Hi everybody!
I have two hosts running ESXi 5.1 hypervisor. I manage both of them using vCenter. Everything is fine at this point. The issues comes when I create an HA Cluster and I move the hosts inside the cluster. In that moment HA is configured on the hosts and few minutes later a purple screen crash occur on both of them, not at the same time but they always crashes. The message wrote on the top of the purple screen is always like this:
#PF Exception 14 in world 8218:idle26 IP 0x418027ab7e7f addr 0x0 (The world value and CPU vary, but always is the same exception)
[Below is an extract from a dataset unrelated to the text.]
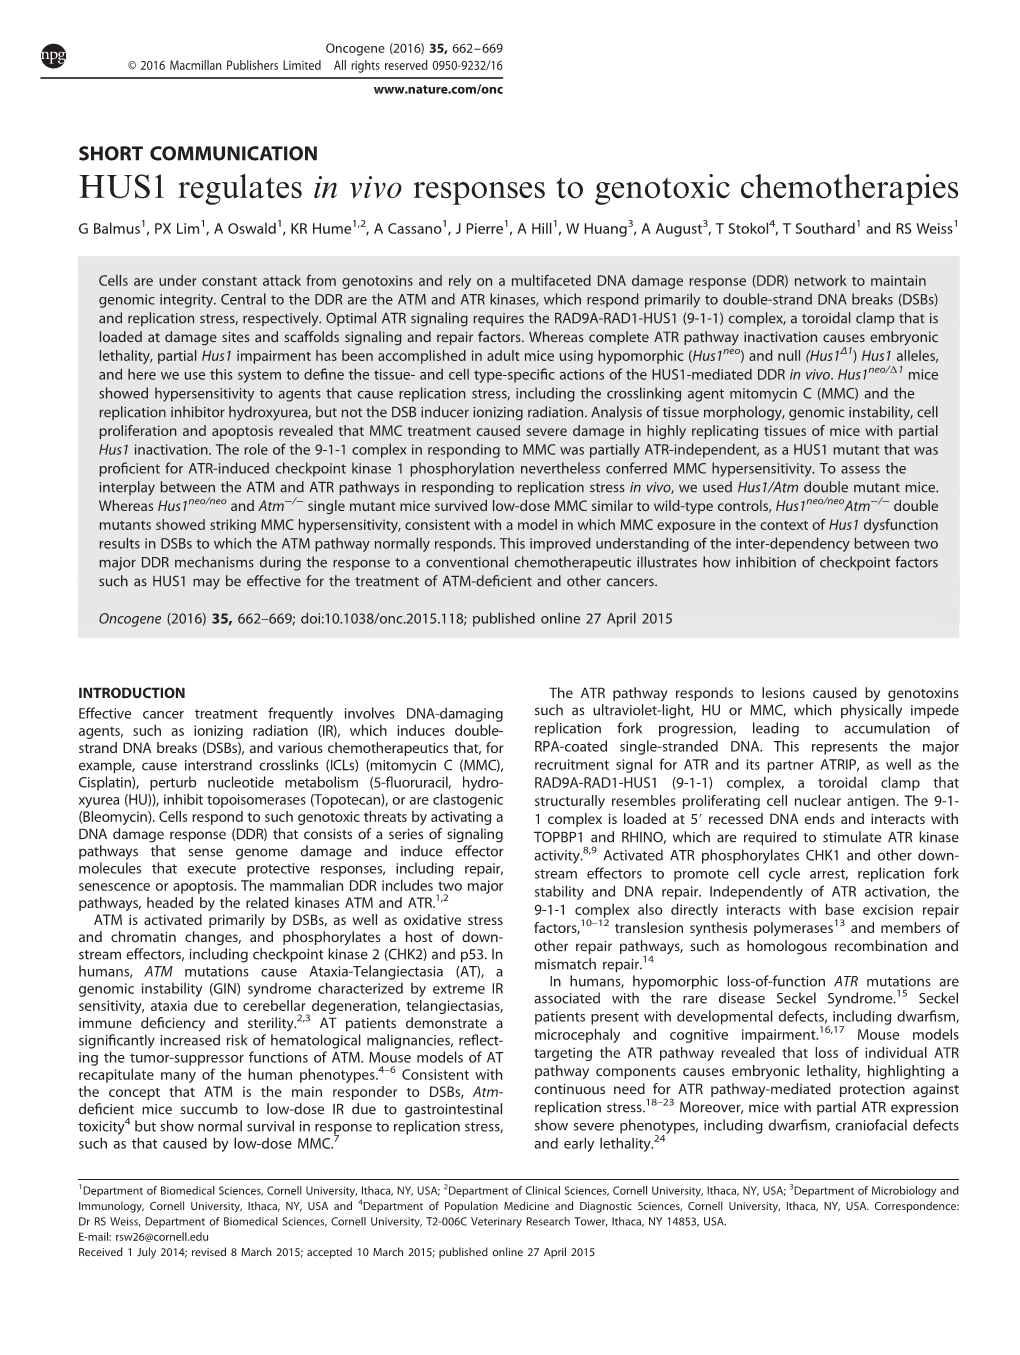 HUS1 Regulates in Vivo Responses to Genotoxic Chemotherapies
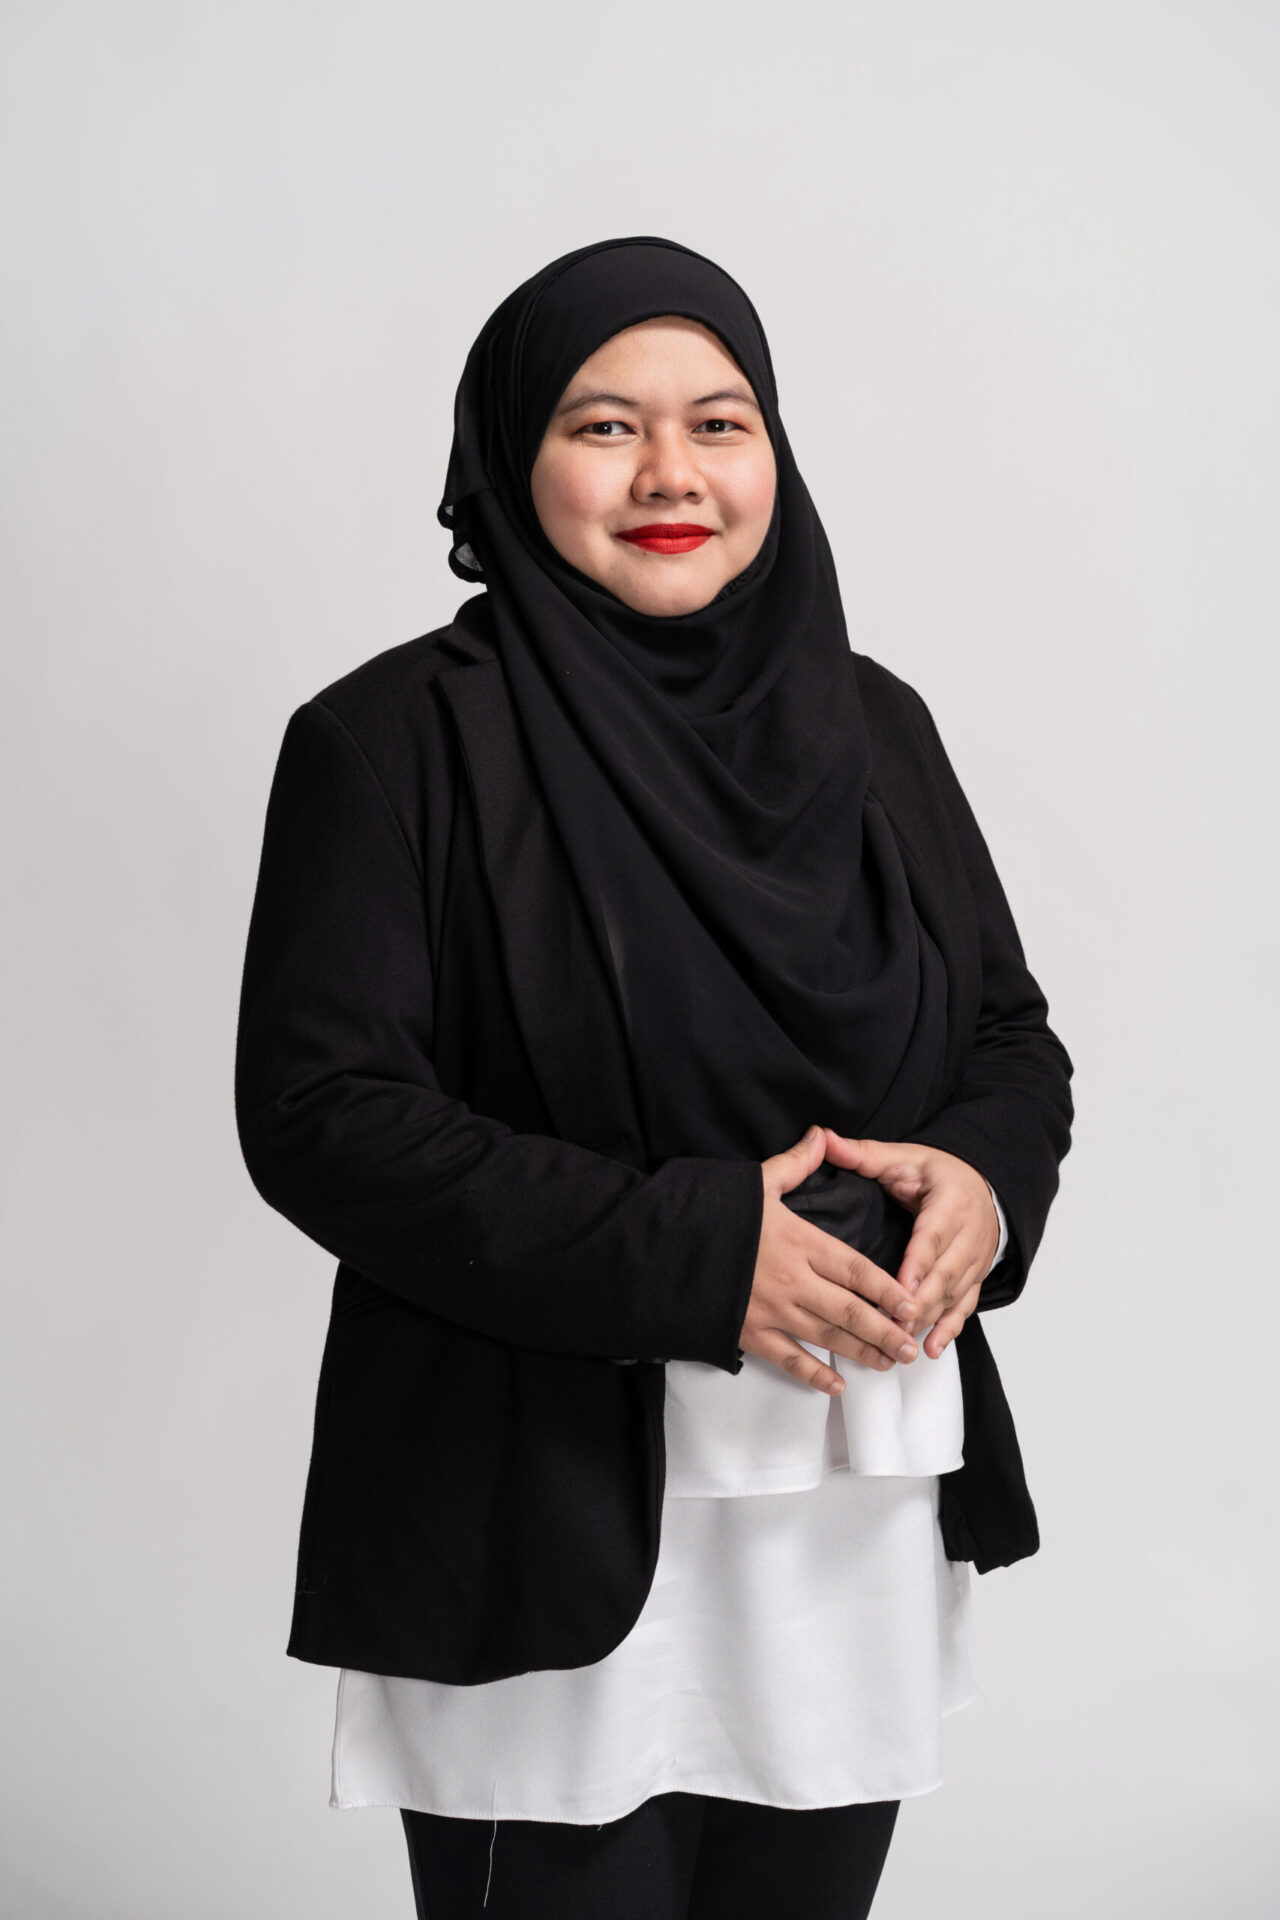 Amira Khairul Anuar

I analyzed the core dump file after the purple screen event and they always report some error when they try to access to the local disc just before the fail event.
2015-11-11T10:15:12.386Z cpu15:8667)NMP: nmp_ThrottleLogForDevice:2319: Cmd 0x1a (0x41240bcea780, 0) to dev "device-name" on path "vmhba1:C0:T32:L0" Failed: H:0x0 D:0x2 P:0x0 Valid sense data: 0x5 0x20 0x0. Act:NONE
2015-11-11T10:15:12.386Z cpu15:8667)ScsiDeviceIO: 2331: Cmd(0x41240bcea780) 0x1a, CmdSN 0x1323 from world 0 to dev "device-name" failed H:0x0 D:0x2 P:0x0 Valid sense data: 0x5 0x20 0x0.
2015-11-11T10:20:12.385Z cpu8:8200)NMP: nmp_ThrottleLogForDevice:2319: Cmd 0x1a (0x4124004081c0, 0) to dev "device-name" on path "vmhba1:C0:T32:L0" Failed: H:0x0 D:0x2 P:0x0 Valid sense data: 0x5 0x20 0x0. Act:NONE
2015-11-11T10:20:12.385Z cpu8:8200)ScsiDeviceIO: 2331: Cmd(0x4124004081c0) 0x1a, CmdSN 0x135b from world 0 to dev "device-name" failed H:0x0 D:0x2 P:0x0 Valid sense data: 0x5 0x20 0x0.
2015-11-11T10:25:12.384Z cpu10:8202)NMP: nmp_ThrottleLogForDevice:2319: Cmd 0x1a (0x41240c326440, 0) to dev "device-name" on path "vmhba1:C0:T32:L0" Failed: H:0x0 D:0x2 P:0x0 Valid sense data: 0x5 0x20 0x0. Act:NONE
2015-11-11T10:25:12.384Z cpu10:8202)ScsiDeviceIO: 2331: Cmd(0x41240c326440) 0x1a, CmdSN 0x138a from world 0 to dev "device-name" failed H:0x0 D:0x2 P:0x0 Valid sense data: 0x5 0x20 0x0.
The path "vmhba1:C0:T32:L0" referred in the error is the path to local disc. But here there is something weird. Because I have a Syslog Collector in my environment too, and when the hosts were outside the HA cluster, they reported the same, and they never had failed before. Do Anyone have some idea about what's happening?
Hi Mark,
You say the host crashes with a PSOD correct?
Can you please share the core dump logging? If you have a screenshot of the PSOD that would be great too.
Quick heads up: cd var/core should give you the core dump for the host.
Suhas
I'm sure there is something wrong with HA agent installed in the hosts, I've disabled Host Monitoring under cluster settings three hours ago and the hosts are working properly. Of course, that's not the solution, but it's an important point to think about. Now I'm analyzing the HA log file located in /var/log/fdm.log, maybe there is something useful there.